I’m not sure if this is truly original, but I have never encountered anyone defending either of the following two versions of the A-theory of time. Possibly because they are so wildly esoteric as to stand on the periphery of intelligibility. To explain them, let’s begin by thinking about the properties of Presentism, and C.D. Broad’s growing-block theory of time. On Presentism the set of things which exist is identical to the set of things which exist right now. Presentists think that there are no real future events (the future is not ‘waiting for us to get there’), and past events have literally gone out of existence. To become present is to become, full stop. On such a view not all the A-properties distinguished by J.M.E. Mctaggart in his famous essay The Unreality of Time are instantiated. It seems that a prerequisite for an event to literally have a property, such as the property of being ‘future,’ is that the event has to literally exist. If a thing literally fails to exist then it cannot literally have properties of any kind. Similarly, on Broad’s growing-block theory of time, things which are present come into existence at the present, and they continue to exist even once they have inherited the property of being ‘past,’ but future events do not literally exist (or have A-properties) at all.

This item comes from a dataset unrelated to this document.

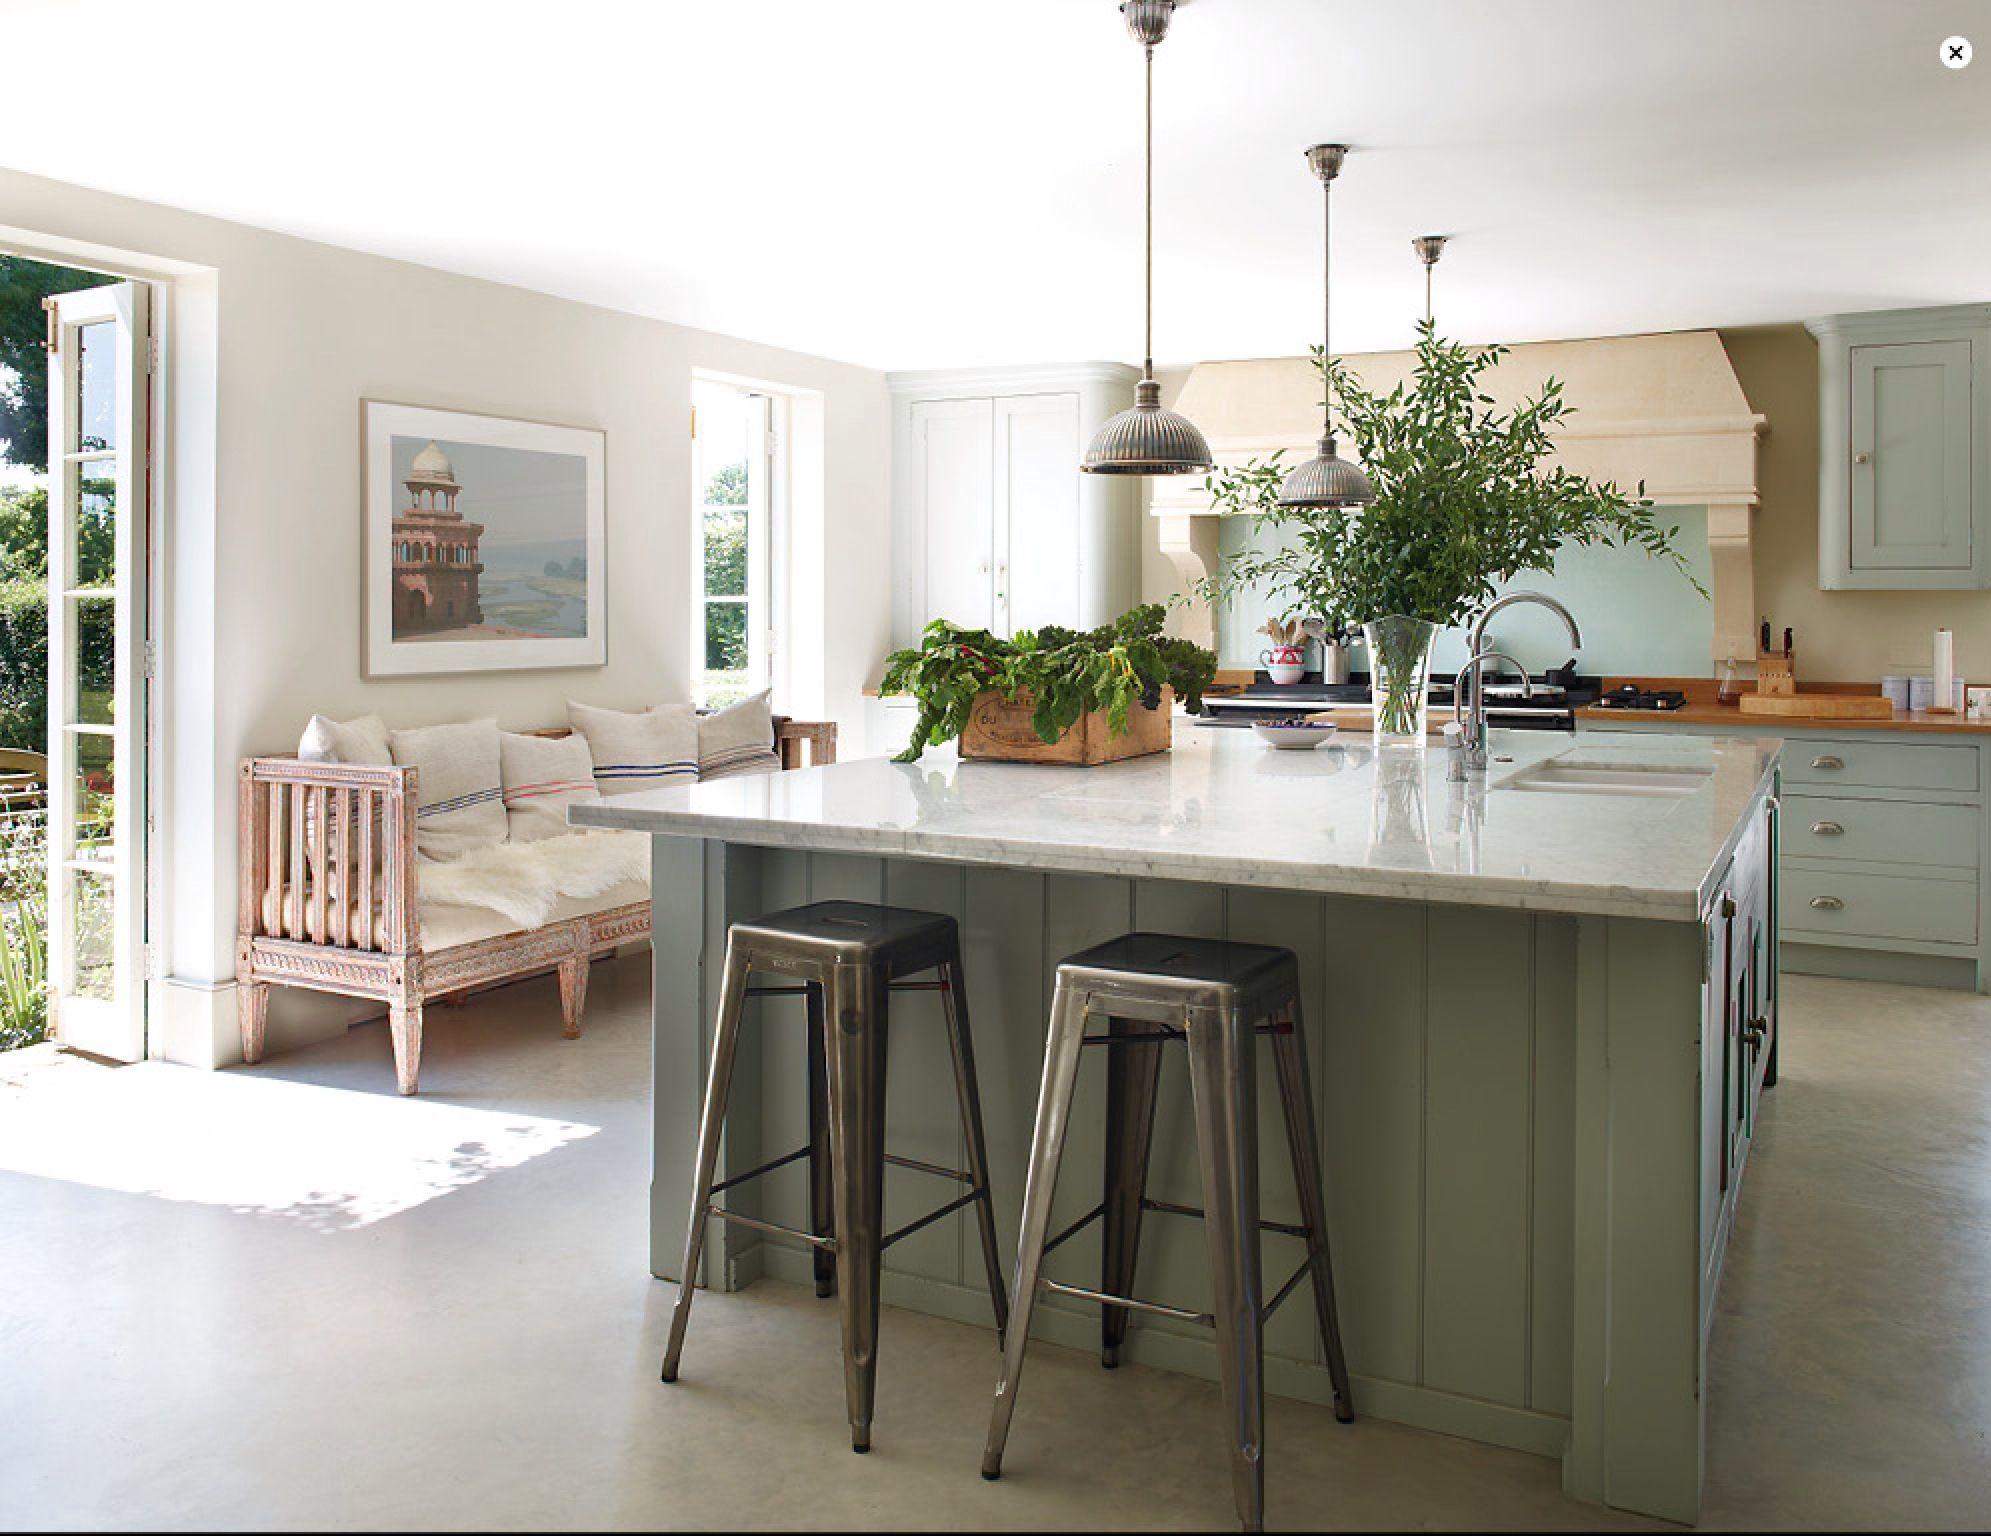 Cool kitchen trends elle decor on new trends in kitchen design - Jemma Kidd S English Country House Kitchen In Elle Decor April 2014 Elledecor Com French Benchkitchen Trendskitchen

Keeping these in mind, here are two other views. Since I’ve never encountered them in the literature before, I will take the liberty of giving them names. Let’s call them Apresentism and deteriorating-block theory, respectively.

On Apresentism events bear either the A-property of being future, the A-property of being past, or both, but no events bear neither. In particular, no events bear the A-property of being present. This is because the present, on this view, literally does not exist. The category of the ‘present’ is simply a heuristic tool, a useful fiction, but what it picks out is events which have both the A-properties of being past, and the A-properties of being future. All that ever really happens, on this view, is that events go from having exclusively future A-properties, to having both future and past A-properties, and then finally to having exclusively past A-properties. Is this view logically possible? I’m not inclined to think that it is, but showing what, precisely, has to be wrong with it remains a tall order. If one can show what is wrong with it, then I suspect one will be able to show what is wrong with presentism, but this is just a philosophical hunch.[1]

The deteriorating-block theory is exactly what it sounds like. In place of events having the A-property of being present, and then inheriting the A-property of being past, but never literally having had the A-property of being future (so that layers and layers are added on to the world as the present rolls on), this view suggests that events have the A-property of being future, or the A-property of being present, but to become past is to fall out of existence entirely. Thus, the future is real, the present is real, and the present represents a sort of ontological precipice – events which cease to be present cease to be.